Oleh : Wien Khakleri Khaidir, M.Pd (Mahasiswa Doktoral UIN Ar-Raniry Banda Aceh)
Di era yang serba cepat hari ini, cara kita berkomunikasi sering kali kehilangan ruh keadabannya. Pesan singkat dikirim tanpa sapaan, keputusan diambil tanpa pemberitahuan, dan tindakan dilakukan tanpa permisi.
Arus modernisasi yang menuntut segalanya serba praktis tanpa disadari menggeser interaksi kita menjadi mekanis dan kering empati—memicu fenomena seperti ghosting hingga pengabaian rasa saling menghargai.
Padahal, komunikasi bukan sekadar pertukaran pesan singkat, melainkan seni merawat keharmonisan sosial. Jauh sebelum teknologi mempermudah arus informasi, masyarakat Gayo telah merumuskan fondasi komunikasi luhur melalui dua tradisi etik: berunger dan besinen. Kedua nilai ini menjadi penawar atas krisis keadaban modern dengan mengembalikan rasa tenggang rasa dan keterbukaan dalam setiap interaksi.
Secara sederhana:
Berunger adalah tradisi memberi kabar, menyampaikan warta, atau memberikan kepastian informasi kepada keluarga, kerabat, teman, maupun masyarakat.
Besinen adalah etika meminta izin, memohon permakluman, serta bertenggang rasa sebelum sebuah langkah atau tindakan diambil.
Kedua konsep ini sejalan dengan prinsip adat Gayo, “Edet murom peger, Agama murom pilar” (Adat sebagai pagar, Agama sebagai pilar). Keduanya bukan sekadar formalitas budaya, melainkan ikhtiar untuk memelihara keharmonisan dan rasa saling menghargai.
Etika besinen (meminta izin) bertaut erat dengan ajaran Islam mengenai tata krama memasuki ruang atau urusan orang lain. Allah SWT secara tegas berfirman dalam QS. An-Nur: 27:
“Wahai orang-orang yang beriman! Janganlah kamu memasuki rumah yang bukan rumahmu sebelum meminta izin dan memberi salam kepada penghuninya. Yang demikian itu lebih baik bagimu, agar kamu selalu ingat.”
Terkait hal ini, Imam An-Nawawi dalam Riyadhus Shalihin menjelaskan bahwa meminta izin bukan sekadar formalitas, melainkan benteng untuk menjaga kehormatan, ketenangan, dan perasaan sesama. Melangkahi orang lain tanpa izin (besinen) dapat merusak kerukunan dan menyulut kesalahpahaman.
Sementara itu, berunger (memberi kabar) adalah bentuk tanggung jawab moral untuk menyambung silaturahmi dan memberikan kejelasan. Rasulullah SAW bersabda:
“Barang siapa yang beriman kepada Allah dan hari akhir, hendaklah ia berkata baik atau diam.” (HR. Bukhari dan Muslim)
Imam Ibn Hajar Al-Asqalani dalam kitab Fathul Bari menegaskan bahwa termasuk dalam kategori “berkata baik” adalah menyampaikan kabar yang menentramkan hati sesama (berunger) serta menghindarkan mereka dari kebingungan dan prasangka buruk (su’udzon) di tengah masyarakat.
Sejalan dengan prinsip tersebut, tokoh adat dan ulama Gayo, Tgk. H. Mahmud Ibrahim, menegaskan bahwa berunger dan besinen merupakan piranti etika sosial (hablum minannas) yang menjadi cerminan kerendahan hati. Bagi beliau, besinen menjamin setiap langkah yang diambil beroleh restu dan keikhlasan demi menghindari perselisihan, sedangkan berunger adalah kewajiban moral untuk menjaga transparansi, mempererat ikatan persaudaraan, dan mencegah sanak saudara merasa diabaikan.
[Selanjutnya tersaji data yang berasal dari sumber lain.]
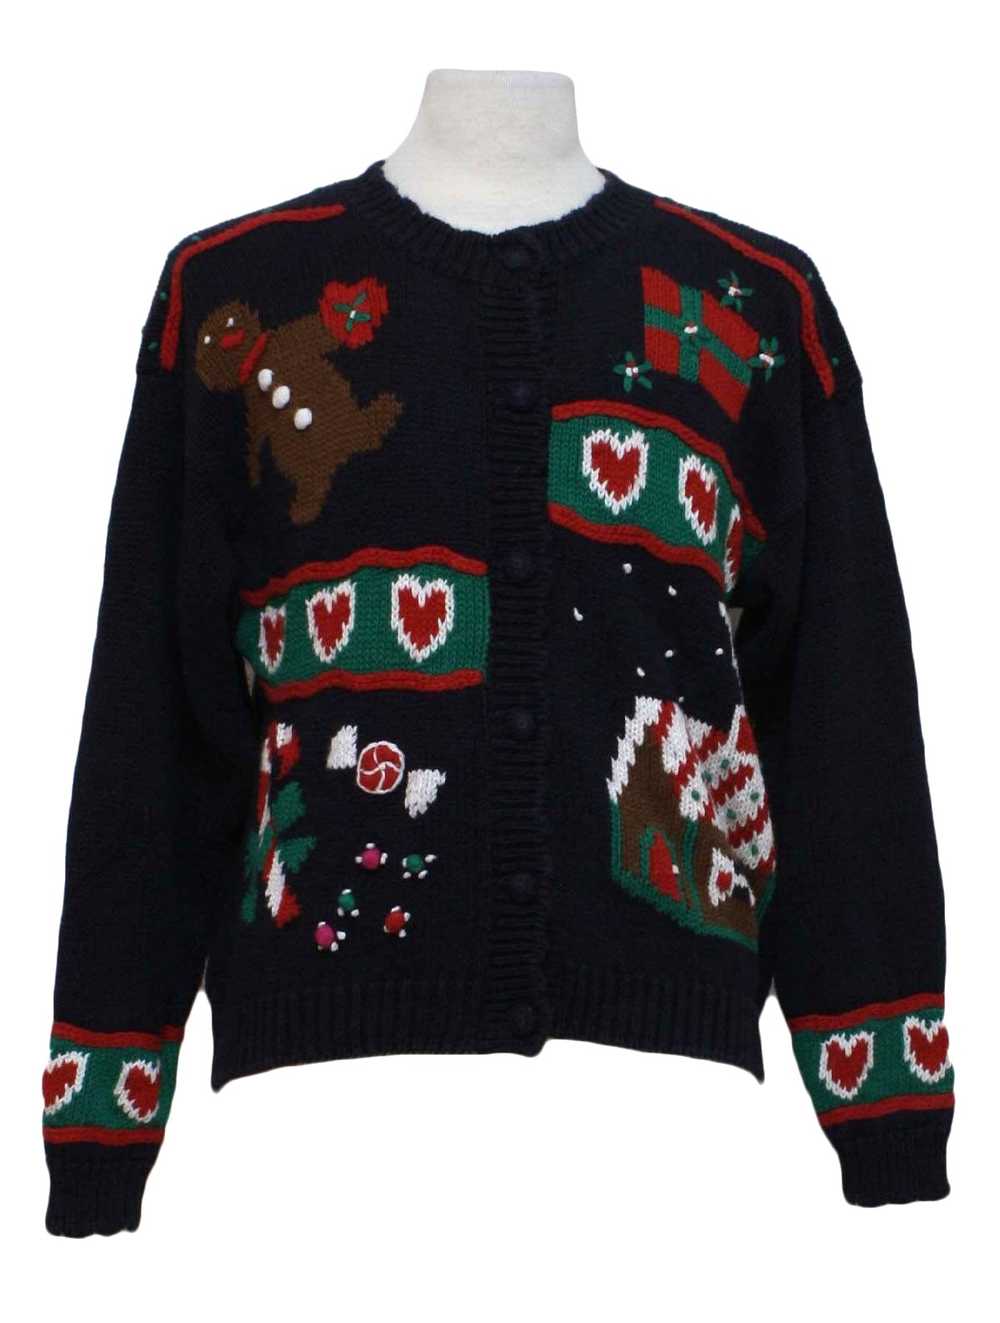 Style Womens Ugly Christmas Sweater - image 1

Dalam kehidupan sehari-hari, retaknya hubungan keluarga, pertemanan, maupun organisasi sering kali bukan bersumber dari niat jahat, melainkan dari alur komunikasi yang tersumbat—dari hilangnya berunger dan besinen.
Dalam ranah finansial dan utang-piutang, misalnya, konflik sering muncul bukan sekadar karena ketidakmampuan melunasi kewajiban, melainkan ketiadaan etika komunikasi. Nilai besinen mengajarkan seseorang untuk meminta izin dan memohon kelapangan hati pemberi pinjaman secara santun sejak awal atau saat menunda pembayaran.
Sementara itu, berunger memandunya untuk jujur memberi kabar mengenai kendala yang dihadapi menjelang jatuh tempo, alih-alih menghindar, memblokir kontak, atau menghilang (ghosting).
Keindahan sinergi kedua etika ini juga sangat terasa dalam lingkup keluarga dan kemasyarakatan. Dalam kehidupan sehari-hari, seorang anak yang hendak merantau atau tinggal di luar daerah akan besinen memohon restu orang tua sebelum melangkah.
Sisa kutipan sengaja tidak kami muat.